New developments in Alzheimer’s research are bringing us closer to more precise therapies for this debilitating disease.
Alzheimer’s disease, is characterized by the formation of amyloid plaques in the brain, which interfere with the normal communication flow between brain cells, leading to debilitating symptoms like memory loss and impaired decision-making. These plaques are made out of beta-amyloid proteins that stick together.
Over the past few years, researchers from several institutions have been working to develop antibodies that bind to and neutralize the toxic effects of the beta-amyloid. The search for effective antibodies, although promising, has been riddled with setbacks. Knowing this, a team of researchers from Brigham and Women’s Hospital in Boston, MA, decided to approach this issue from a different angle – by conducting experiments to identify a better way of targeting beta-amyloid. Their goal was to develop a more efficient antibody to be used in Alzheimer’s therapy.
Principal investigator Dominic Walsh and team came up with a novel technique to collect beta-amyloid and to prepare it in the laboratory.
Dominic Walsh, PH.D.
“Many different efforts are currently underway to find treatments for Alzheimer’s disease, and anti-[beta-amyloid] antibodies are currently the furthest advanced,” says Walsh. “But the question remains: what are the most important forms of [beta-amyloid] to target? Our study points to some interesting answers,” the lead researcher adds, and these answers are now reported in an open access paper published in the journal Nature Communications.”
Beta-amyloid can be found in many forms. At one end of the spectrum, it exists as a single protein, or monomer, which isn’t necessarily toxic.
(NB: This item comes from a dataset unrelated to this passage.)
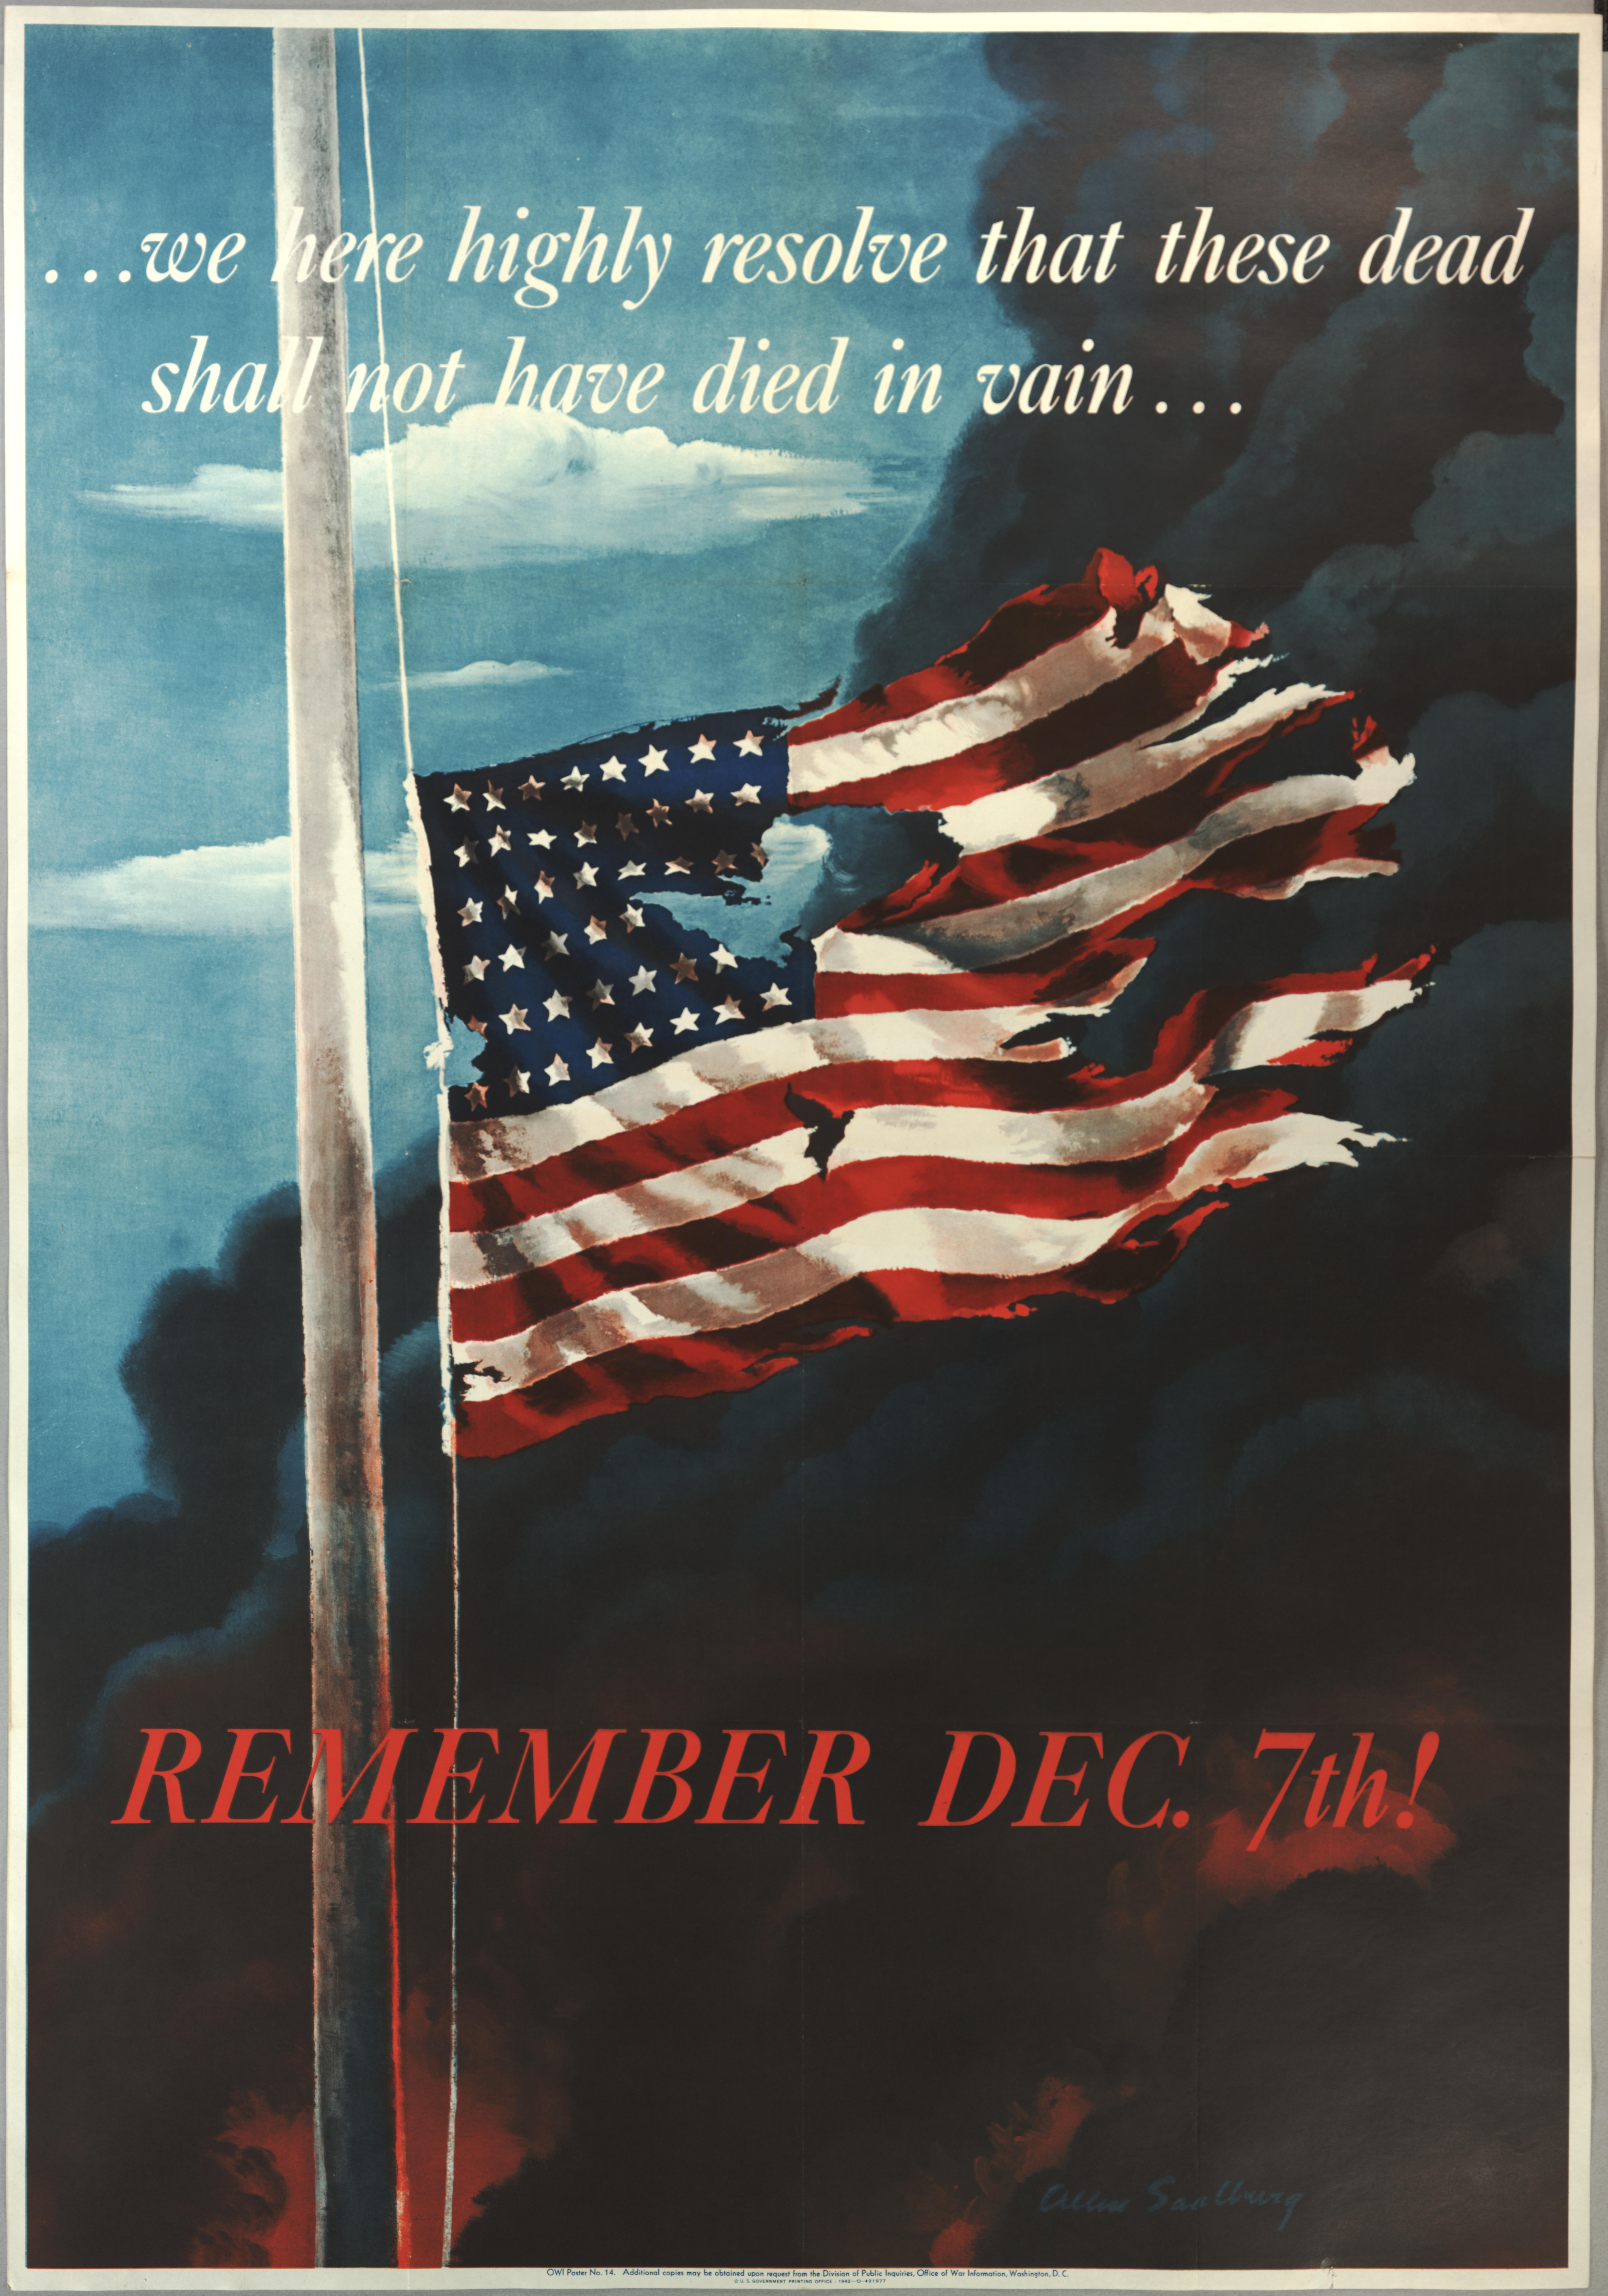 Remember Dec. 7th! Office of War Information, 1942. (GLC09520.08)
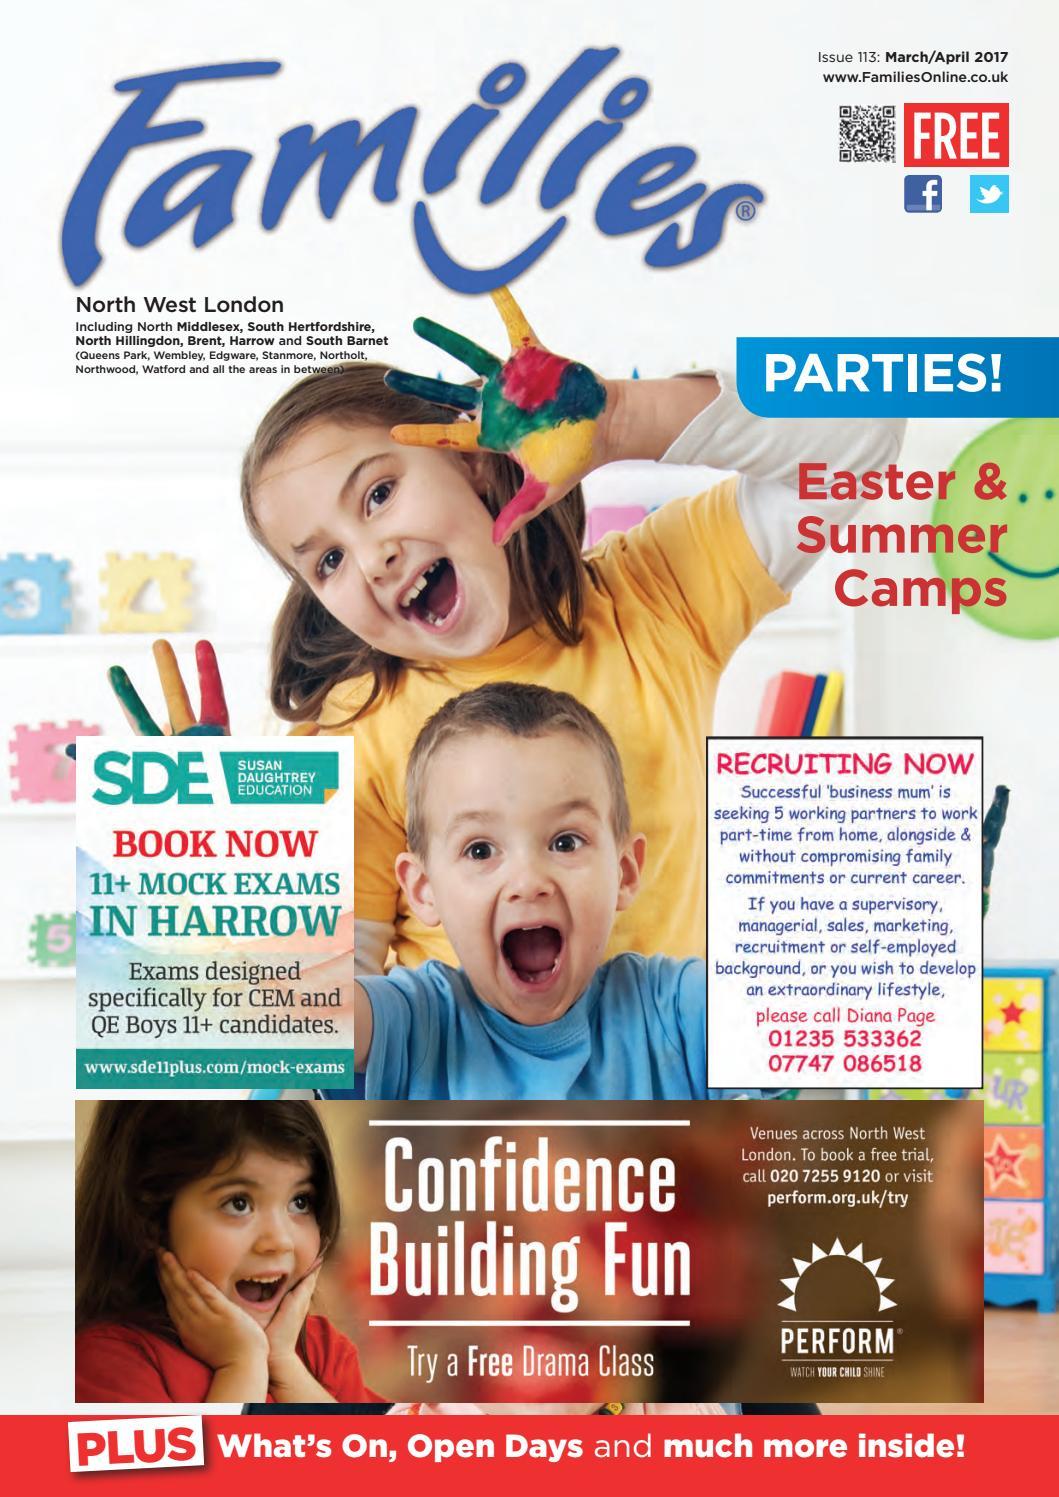 ae2fd0867b5 Families North West London Mar Apr 2017 Issue 113 by Heather ...

At the other end, there is the beta-amyloid plaque, in which many beta-amyloid proteins become tangled together. Beta-amyloid plaques are large enough to be observed using a traditional microscope, and they are involved in the development of Alzheimer’s.
In the current study, as well as in a previous one, Walsh and team looked at beta-amyloid structures to identify the ones that are most harmful in the brain.
Typically specialists use synthetic beta-amyloid samples to create a laboratory model of Alzheimer’s disease in the brain. Very few scientists actually collect beta-amyloid from the brains of individuals diagnosed with the disease.
In the current study, Walsh and team focused on finding better a more specific antibody to target the toxic forms of beta-amyloid but not the less harmful forms. To do so, they developed a novel screening test that requires extracting beta-amyloid from brain samples from people with Alzheimer’s. They added these extracts to induced pluripotent stem cell-derived human neurons and observed the ability of the different antibodies to block the toxic effects of the beta-amyloid.
This screening test allowed the team to discover a particular antibody — called “1C22” — that is able to block toxic forms of beta-amyloid more effectively than other antibodies currently being tested in clinical trials.
Walsh explained the implications of their novel screening method:
“We anticipate that this primary screening technique will be useful in the search to identify more potent anti-[beta-amyloid] therapeutics in the future.”